Compound K (CK; 20-O-β-(d-glucopyranosyl)-20(S)-protopanaxadiol) is one of the metabolites of ginsenosides contained in red ginseng (RG) and is known to have high bioavailability. This study aimed to establish the optimal conditions for enzyme treatment to convert ginsenosides from RG extract to CK, and to prove the characteristics of bioconverted red ginseng (BRG) extract. CK was not detected in unenzyme-treated RG extract, and in the single-step enzyme treatment, it was produced at less than 4.58 mg/g only in treatment group with Pyr-flo or Sumizyme AC (at 50 °C for 48 h). The highest yield of CK (14.32 mg/g) was obtained by Ultimase MFC treatment at 50 °C for 48 h after treatment with a mixture of Pyr-flo and Rapidase at 50 °C for 24 h.
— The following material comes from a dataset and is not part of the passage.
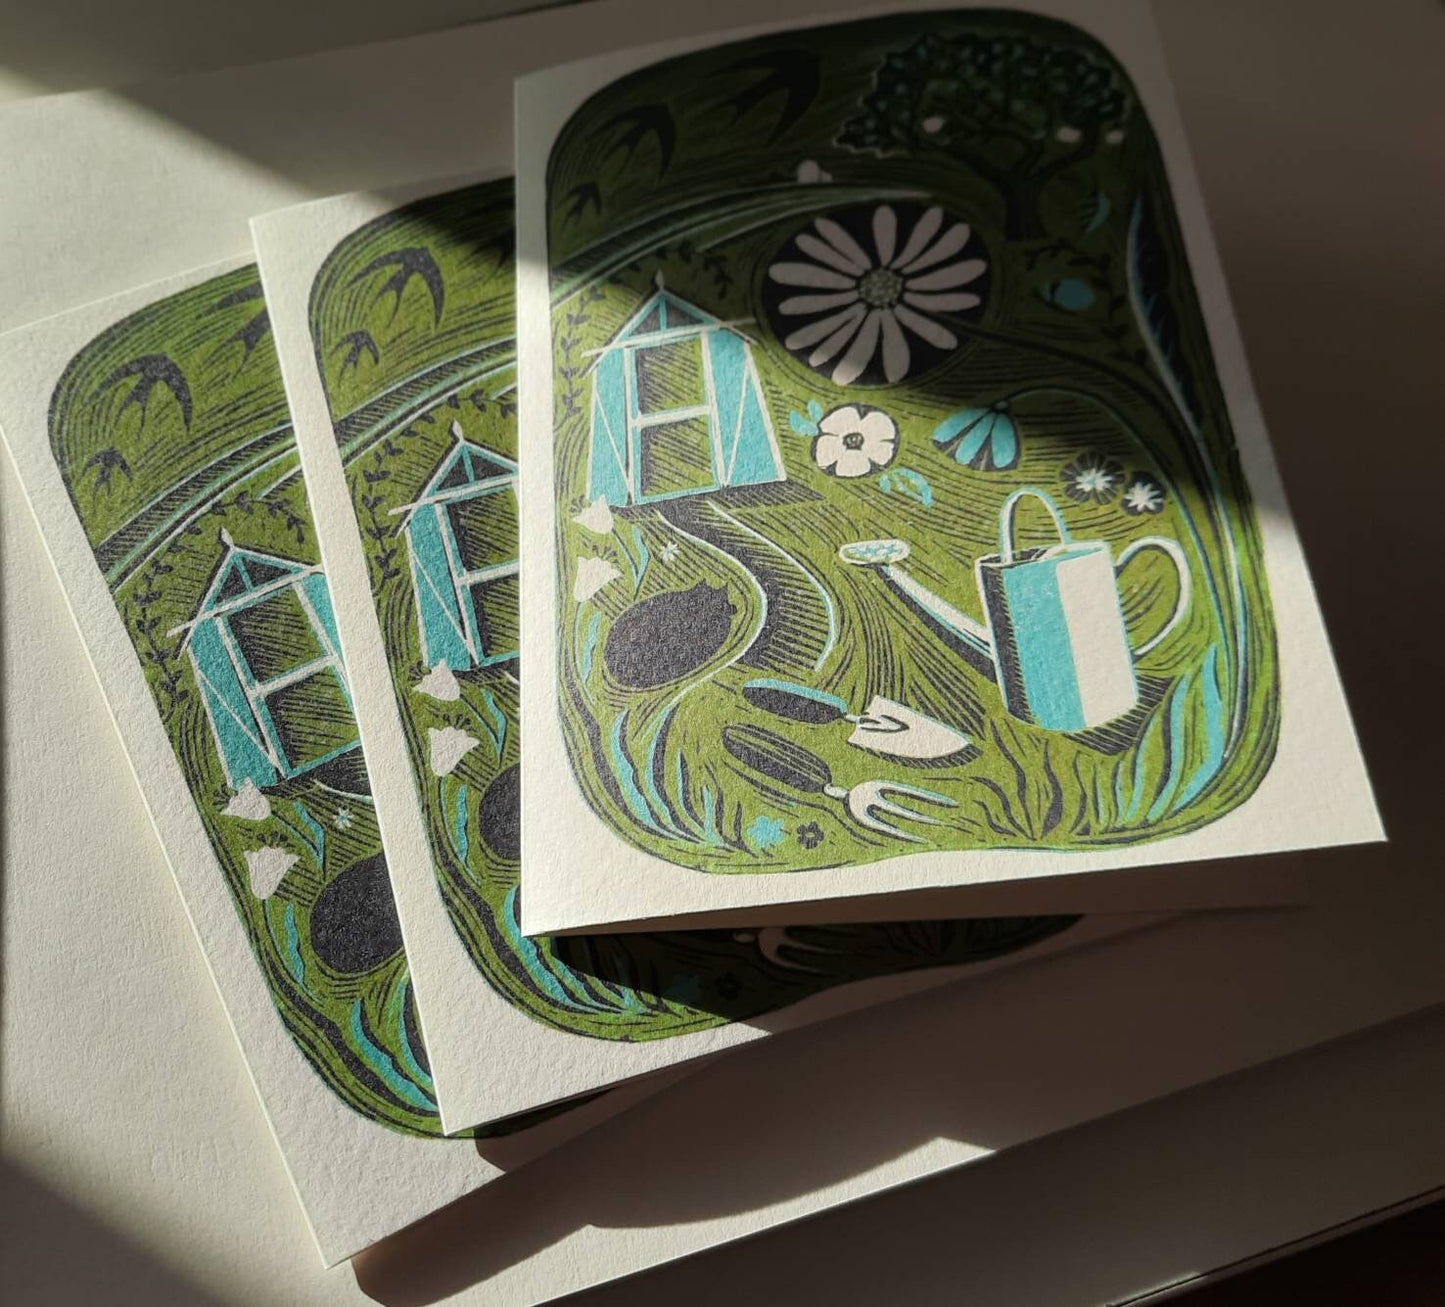 Garden Escape - Greetings Card | Lino Print reproduction | Gardening | Notecard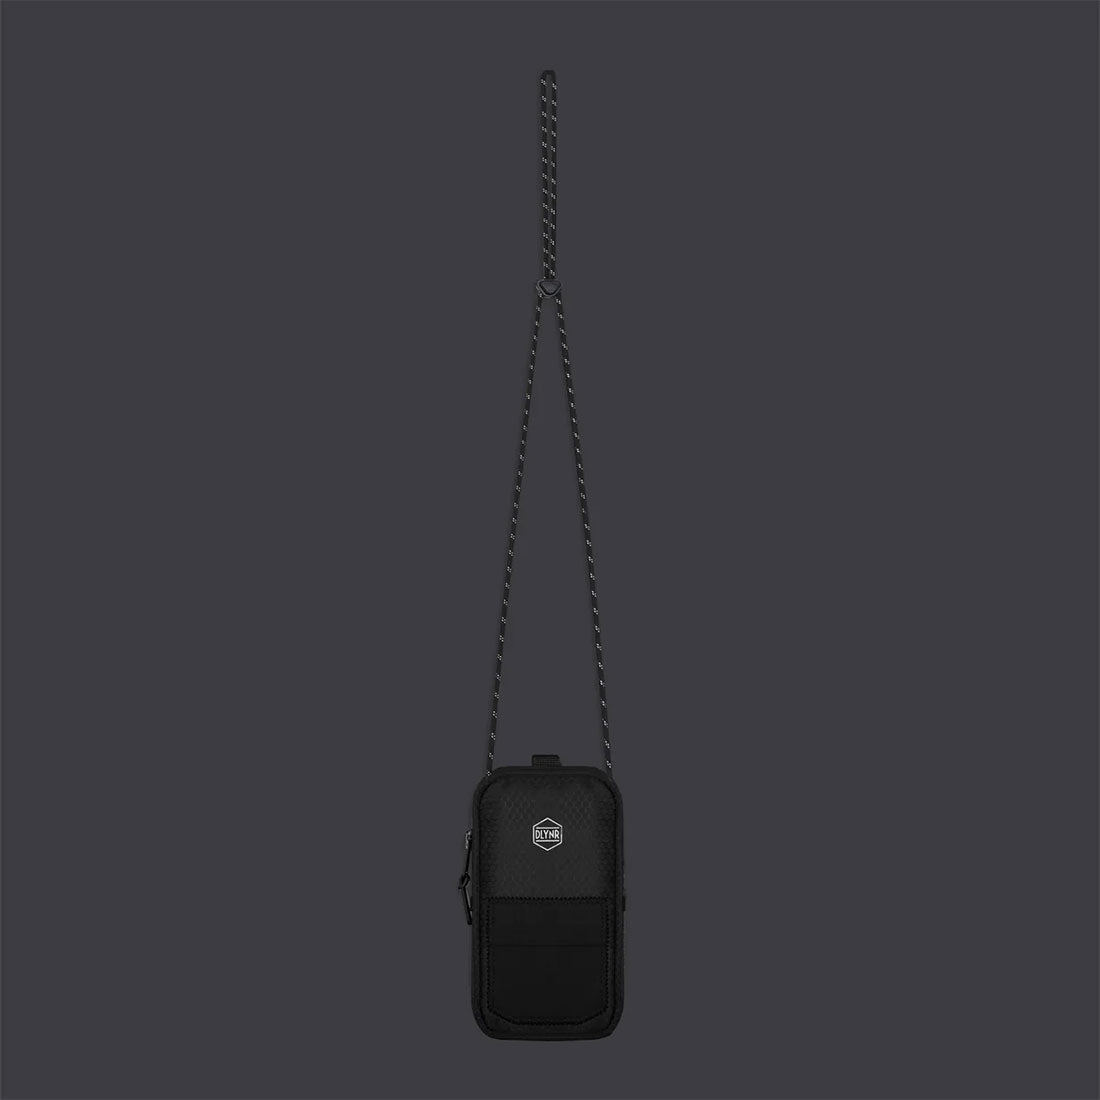 Dolly Noire Cell Phone Case - Modular Phone Bag - Black

Total polyphenol, 2,2-diphenyl-1-picrylhydrazyl (DPPH), and 2,2-azinobis-(3-ethylbenzothiazoline-6-sulfonic acid)) (ABTS) radical scavenging activity were higher in BRG than in RG (p < 0.5). High-fat diet (HD) rat fed 1% BRG had significantly lower body weight, heart weight, fat pads (periosteal fat, epididymal fat), serum glucose levels, and hepatic triglyceride levels than those HD rat fed 1% RG (p < 0.05). In conclusion, the sequential enzymatic bioconversion was produces higher CK in RG root extract than single-step enzyme treatment.